The Wikimedia Foundation is the steward of one of the greatest repositories of information about language in human history, Wiktionary. Unlike all other dictionaries on Earth, Wiktionary aims to define (in 172 languages) all words from all languages. In other words, not just defining English words in English and French words in French, but also French words in English, English words in French, Latin words in Swahili, Mopan Maya words in Arabic, etc. It's ambitious aim is to be the ultimate Rosetta Stone for the human species.

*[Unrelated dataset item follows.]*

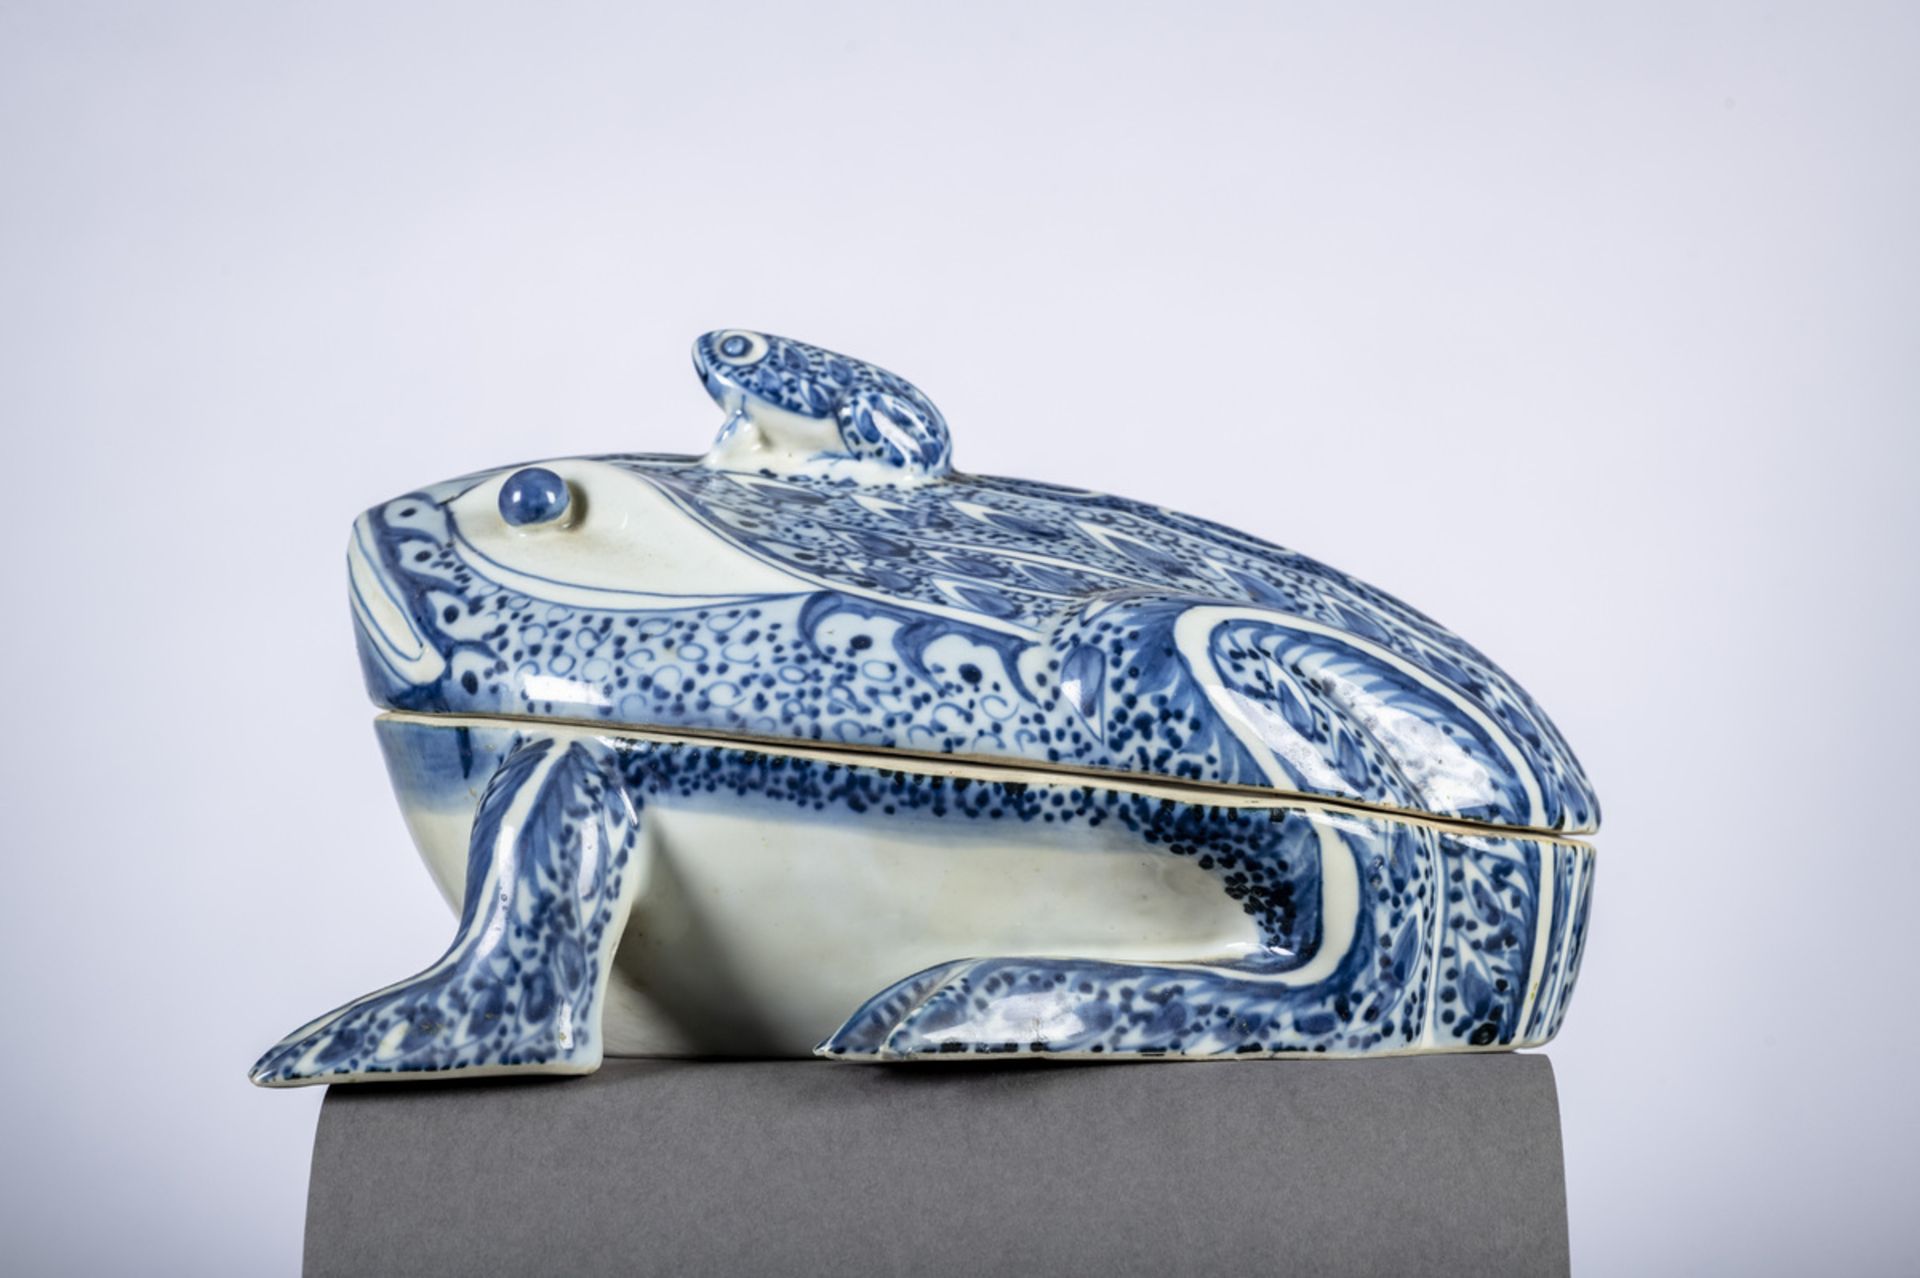 Toad-shaped tureen in Chinese blue and white porcelain (13x26cm)

While Wikipedia is in some respects maturing and gradually yielding diminishing returns for more investment, Wiktionary is still a small and growing project that has yet to fulfill its potential or break into mainstream consciousness the way that Wikipedia has. While one of the impediments to Wiktionary reaching its potential is lack of structured data support, which is being worked on, there are many improvements that could be made in the meantime to improve the usefulness of the site to both readers and editors. These include converting many of the fragile gadgets and site scripts into maintainable extensions, customizing the user interface to more closely match what users expect from a dictionary site, and adding dictionary-specific tools to the editing interface. There is also unexplored potential with building apps around the Wiktionary data, including apps tailored around language learning.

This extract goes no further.